En el tercer estante, indudable, había algo extraño en la hilera de libros que correspondían a las novelas españolas de autores del siglo XVII y XVIII. Aunque solo perceptible para ella, allí faltaba, en su exquisita edición de 1863, la obra de Don Quijote; legado de un tío a su ya difunta madre.
Sin duda, alguien había tratado de disimular tal ausencia recolocando otros libros en su lugar, pero el control y exquisito orden que Doña Carmen mantenía con su biblioteca, era infalible.
En el céntrico piso de la calle madrileña, la voz entrecortada de aquella señora ya octogenaria llegó a la habitación contigua, donde su marido leía el periódico con el primer café del día, ya casi frio, pues lo demoraba al máximo para retrasar a su vez toda aquella batería de pastillas, unas blancas y otras de color caqui, que debía tragarse cada mañana; el malestar era cada vez mayor y la nueva dosis recetada tampoco parecía solucionar nada.
Don Agustín acudió a la sala de la biblioteca y vio el rostro pálido de su mujer, de pie, apoyada en la mesa central de la estancia, señalando hacia el tercer estante y sin dejar de repetir dos palabras: “no está”. Su marido, trató de tranquilizarla.
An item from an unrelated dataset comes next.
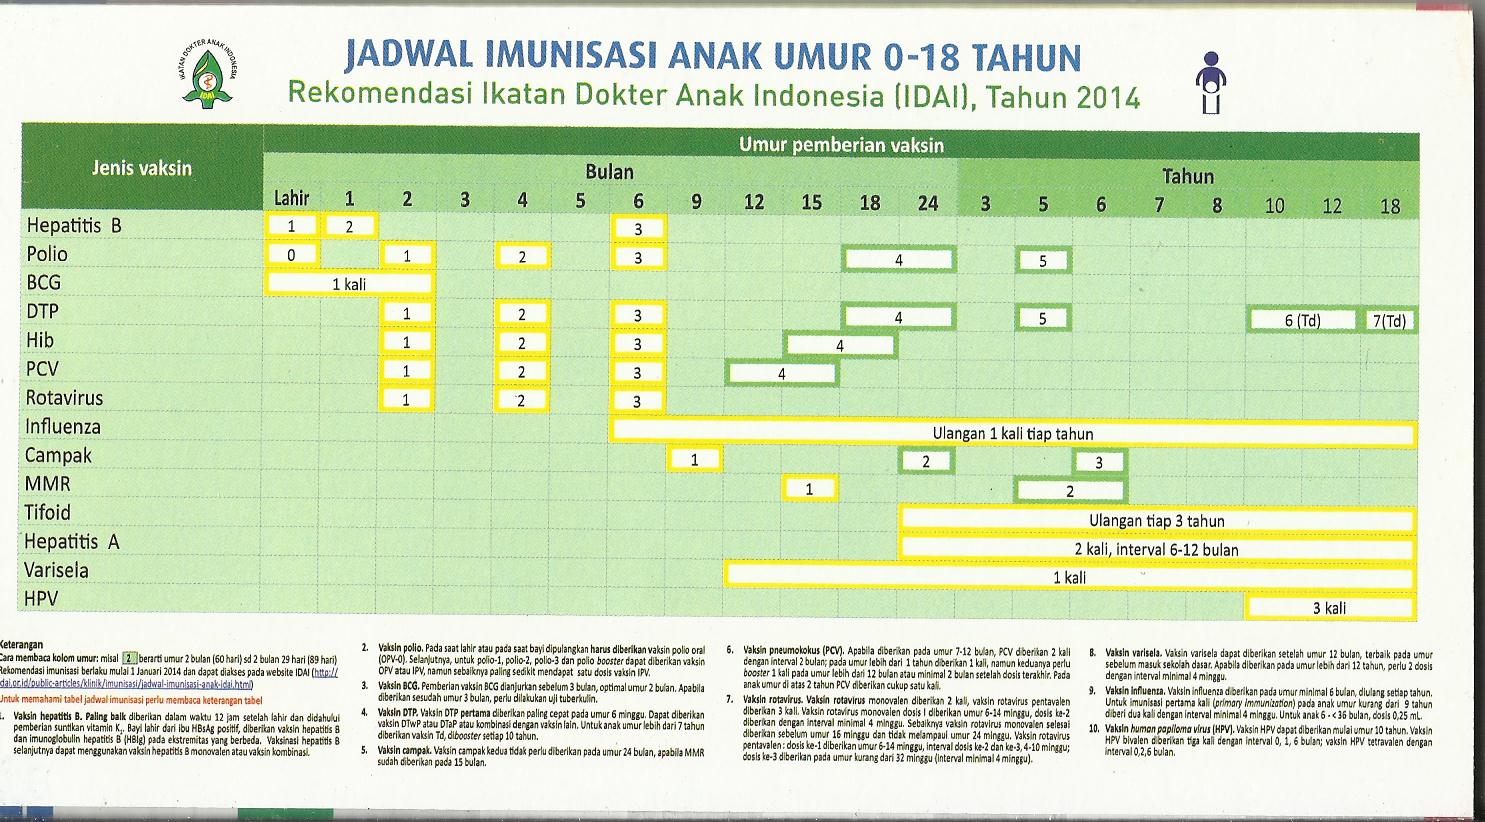 JADWAL IMUNISASI IDAI 2013 PDF

En los últimos dos años no había entrado a aquella sala sino el propio matrimonio, Ernesto, quien todos los lunes de cada semana hacía las tareas de limpieza y Lucía, la guapísima nieta que, gratificada siempre con algunos euros, se encargaba de proveer a Don Agustín del periódico, así como de mantener controlado el avituallamiento de la medicación.
Lo cierto es que tras horas de búsqueda por toda la casa, no había rastro de los libros. La desesperación de Doña Carmen iba en aumento, hasta el punto que pese a la resistencia de Don Agustín, denunció la desaparición a la policía.
A la mañana siguiente los agentes se personaron en el piso. Aunque ambos frecuentaban la estancia, los dos negaron haber cogido o visto los libros en los últimos días. Tras sus declaraciones, Ernesto se marchó y Lucía se retiró con Don Agustín al cuartito de estar. A Doña Carmen, inconsolable, le llegaban las risas de abuelo y nieta. Tras una media hora, justo cuando se despedía, una frase de la joven, siempre entre las risas de ambos, había resonado un tanto extraña: “no hace falta abuelo, ahora tendremos para el suministro de varias semanas”
Tras un abrazo, Lucía también se despidió de Doña Carmen. Ésta se dirigió a ver a su marido, quien en su sillón favorito, miraba por la ventana, ausente, como en un estado de embeleso pero parecía alegre. Sobre la mesa, un vaso con algo de agua, el periódico y las tres cajas de pastillas habituales que justo había repuesto aquella mañana Lucía. Una de las cajas estaba abierta y de ella sobresalía una fina tira de pastillas en la que se habían consumido dos. Doña Carmen se extrañó, esas pastillas eran de un color rosa.